I say that there is a “studied blankness of effect and affect both” because there is:  the blankness of effect is contained in the continual twist which takes place at the end of each short story, where one is expecting a sense of resolution.  There is in each case a sense of nothing really being resolved, but a sense of reality, of truth to real life and to the way thing actually happen, of the oftentimes inconclusive result even of big events in life.  Just because so many other fictions proceed by well-worn formulas, this lack of final effect produces its own sense of surprise and shock, and often a rueful chuckle at one’s own expectations.  The blankness of affect relates to the marked restraint of feeling in the narrator’s exposition of her characters and their situations:  she doesn’t feel sorry for them in the conventional sense, doesn’t play sad little violin solos on her creative instrument, and doesn’t encourage the reader to feel sorry for them either.

And yet, one does feel for these characters, when all is said and done.  It’s the author’s own sense of balance and discipline in dealing with the sorrowful facts of these character’s lives, with their strange and funny solutions to their predicaments, with their often unmerited suffering and undeserved rewards, which make this book the book it is.  It’s as if the author took a whiny, mournful, disgruntled little series of events, and removed the vital connections of characters’ trajectories up and down in feeling and action, and instead put a laugh here, and a poignant remark there, in places where they weren’t before expected.  And she doesn’t pull her punches, or bestow or waste any sympathy on her characters; such sympathy as they deserve, they may or may not get from the other characters (and in a final way from the reader, at the end of each story), but they don’t get it from the narrative voice, which is calm and full of detail and fact, but which only supplies these and insists that the reader come to his or her own conclusions.  Yet, from this restrained puppeteering, there is tenderness, coming from who can say where?  All one knows when reading is that Petrushevskaya is like a canny and watchful parent, who without apparent doting or pride harshly pushes her progeny forth, in such a way that she cunningly wins that doting for them from the audience, who feels for them that they have such a dragon of a progenitor that they surely deserve to be lauded and made much of by their auditors.
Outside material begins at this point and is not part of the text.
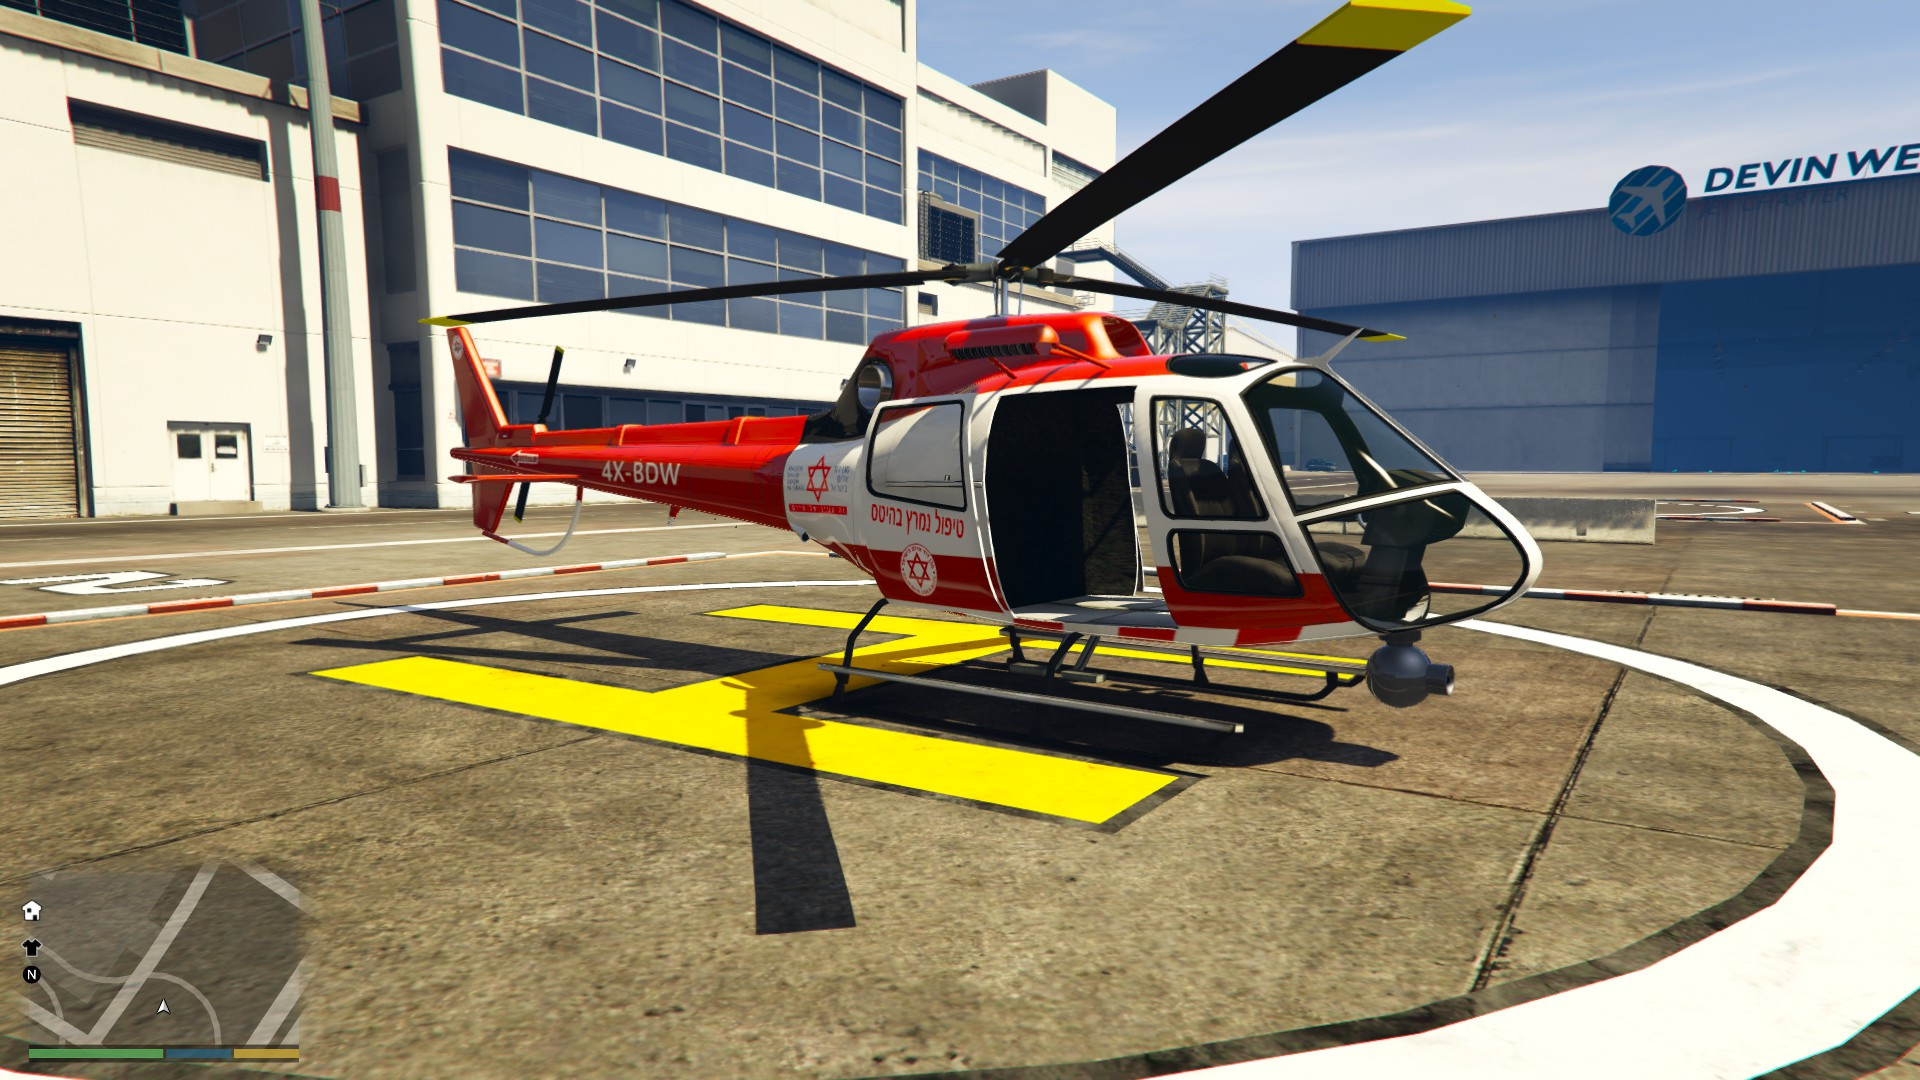 Police Helicopter GTA 5. Медицинский вертолет ГТА 5. Вертолет полиции в ГТА 5. Медицинский вертолет США. Игра гта вертолет

Even the title of this book is one which bestows that strict tone of restraint on events:  the major events of that story, “there once lived a girl who seduced her sister’s husband, and he hanged himself,” are ones which are taken away from the reader who hopes to follow the path of major events.  The title instead insists that there is something else of importance, and it is thus that the reader must enter the story and supply the feeling, the startlement, the connections between event and feeling.  This is a book which rewards curiosity and investigation well, and which gives the reader sated by ordinary fictional motifs and sallies the charge of a lifetime.  I hope you will read it soon, and discover just how original a talent Ludmilla Petrushevskaya is.